Cell phones... Keith needs to get his own plan and then I can cut the minutes back on our family plan. I think I may swap out my smart phone for a regular old phone and that will save $15 per month. If my contract is not tied to the type of phone I use, that may be something that I have to look in to.

Gas and Electricity... We are on a level payment plan so those don't change each month. Can't do any savings there.

The other stuff I make payments on can't really be changed. The house payment takes way too much of our income. Next is our car payment. I'd sell it and keep the Blazer, but we're upside down due to lots of other things - so no go there. Debt - that's the big kicker. Medical bills started a downhill slide and we've just snowballed into a place that is going to be difficult to get out of without some repercussions. We're still paying on the remains of a large bill from 2008. It'll be over two years before that's paid off (at $130 per month - $3800 owed). It's enough to really depress a person.

But, I will prevail. I don't know how exactly. But, I am tough and I will do it. Too bad I don't know any rich distant "relatives" who left me some real money - not the fake stuff that we all get emails about - riches in foreign countries. I read a blog one time where one guy actually put a PayPal link on it for folks to send him donations. Now, that's desperate. I don't know if he got any takers or not. I got a good laugh out of it but I guess desperation makes people do strange things.

I've been praying a lot about what to do and looking for direction - I don't want to make a decision that will detrimental in the future. I need to do what is going to be best for Ron and I in the long run - and in the short run. He will probably need to have surgery on the right foot in June. That will be another medical expense for us over the insurance payments. He'll have to go to a step-down facility for a few weeks because I can't take care of him at home without help. In-home assistance is not an option with our insurance; step-down facility is a possibility with a co-pay. Not sure what the co-pay is but no matter what it is, it will be worth paying to have the help for him. He'll need to be non-weight bearing for 2-3 weeks and without lots of help, that just won't happen.

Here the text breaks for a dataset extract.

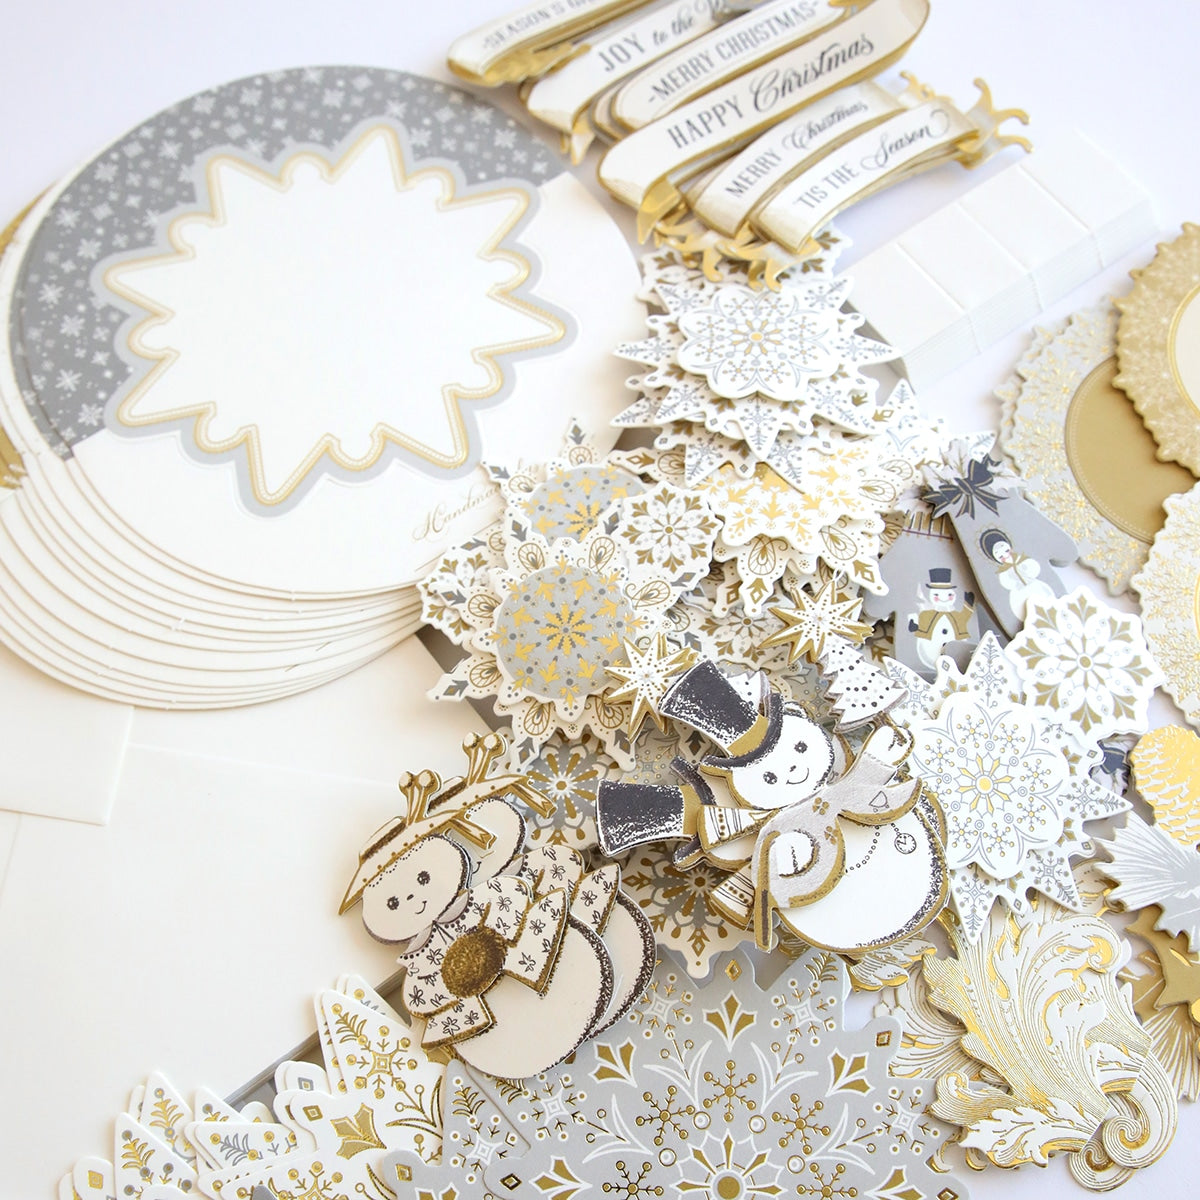 A white and gold scrapbooking kit with Simply Rocking Snowflake Card Kit and snowflakes.

So, I'd appreciate your prayers for us. I believe that God is still in the miracle business and He can and does answer prayers.

Thanks...

Sunday, May 2, 2010

Home, tired, and ready to face the week!

I had a very nice time in KC with my sister and scrapbook stuff. We went to dinner Friday night at a Mongolian BBQ place (kind of disappointed in it, but not too shabby). Saturday morning we hit a scrapbooker's dream of a garage sale. I picked up some stuff for pennies on the dollar. Had a great time. Then, we went to Archiver's and did our free stuff. I did a nice little Thank You card, a 6 x 8 page layout for a boy, and an 8 x 8 page layout for a girl. All I have to do is add some pictures and they'll be ready to add onto a 12 x 12 scrapbook page.

It was so funny when I got there because as I was looking around to see where I was going to sit, I thought I recognized someone over my right shoulder. As it registered that I really did recognize her, we both said each other's names at the same time. So funny, we live about 7 or 8 miles from each other, hadn't seen each other in over 10 years, and drove nearly 200 miles to run into each other at a scrapbook event.

I got one layout done of our anniversary dinner from last August, did a couple of layouts of Isaiah "learning" how to hit a baseball and a volley ball, a couple of pages from his birthday, and two other pages from our family reunion last September. I didn't get any Vegas or Hoover Dam pictures scrapped but I'm going to leave the stuff out on the table and work on it some this week.